We should pay attention to the fact that using the knn algorithm for high-dimensional data is prone to over-fitting of high-dimensional data, because in high-dimensional space, the distance between data points becomes very large, and the number of training samples is relatively large compared to the feature The number of is very small, which may easily cause the KNN algorithm to fail to predict well.

In order to avoid the situation where high-dimensional data is easy to overfit, the following measures can be taken:

Feature selection: Selecting meaningful features for training can reduce the number of features and avoid overfitting. The commonly used feature selection methods are Filter method, Wrapper method and Embedded method.
Dimensionality reduction: High-dimensional data can be mapped to a low-dimensional space by methods such as principal component analysis (PCA) to reduce the number of features and avoid overfitting.
Adjust the K value: The K value in the KNN algorithm determines the number of neighbors.
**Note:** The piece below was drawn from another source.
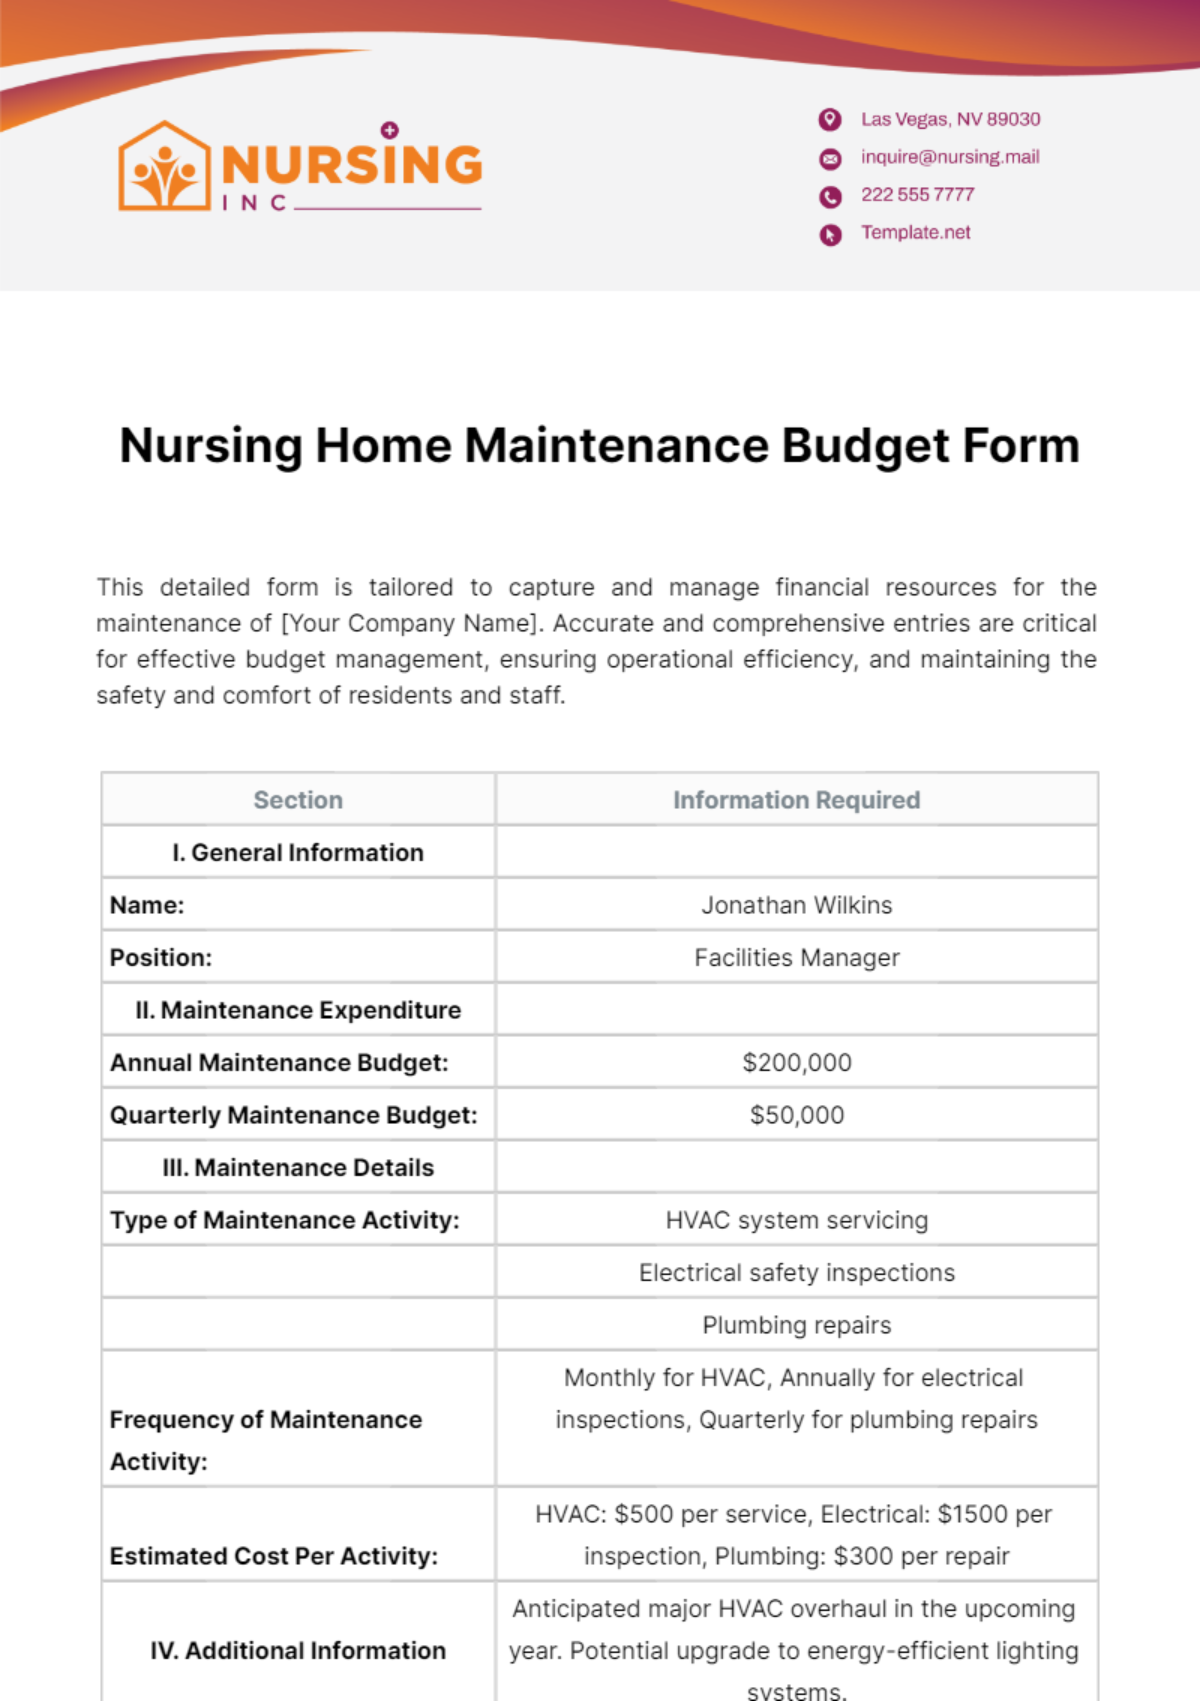 Free Nursing Home Maintenance Budget Form Template

If the K value is too large, underfitting will easily occur, while if the K value is too small, overfitting will easily occur. Therefore, the best K value can be determined by methods such as cross-validation.
Distance measurement: The distance measurement method in the KNN algorithm has a great influence on the results, and different distance measurement methods will lead to different prediction results. Therefore, different distance measurement methods can be tried to choose the optimal method.
Data enhancement: In the case of a small amount of data, data enhancement methods can be used to increase training samples to improve the generalization ability of the model.

I hope that through this article, I can further understand the principle and application of the knn algorithm.
Today is May 1st Labor Day, Xiao Ma here wishes everyone a happy May 1st Labor Day!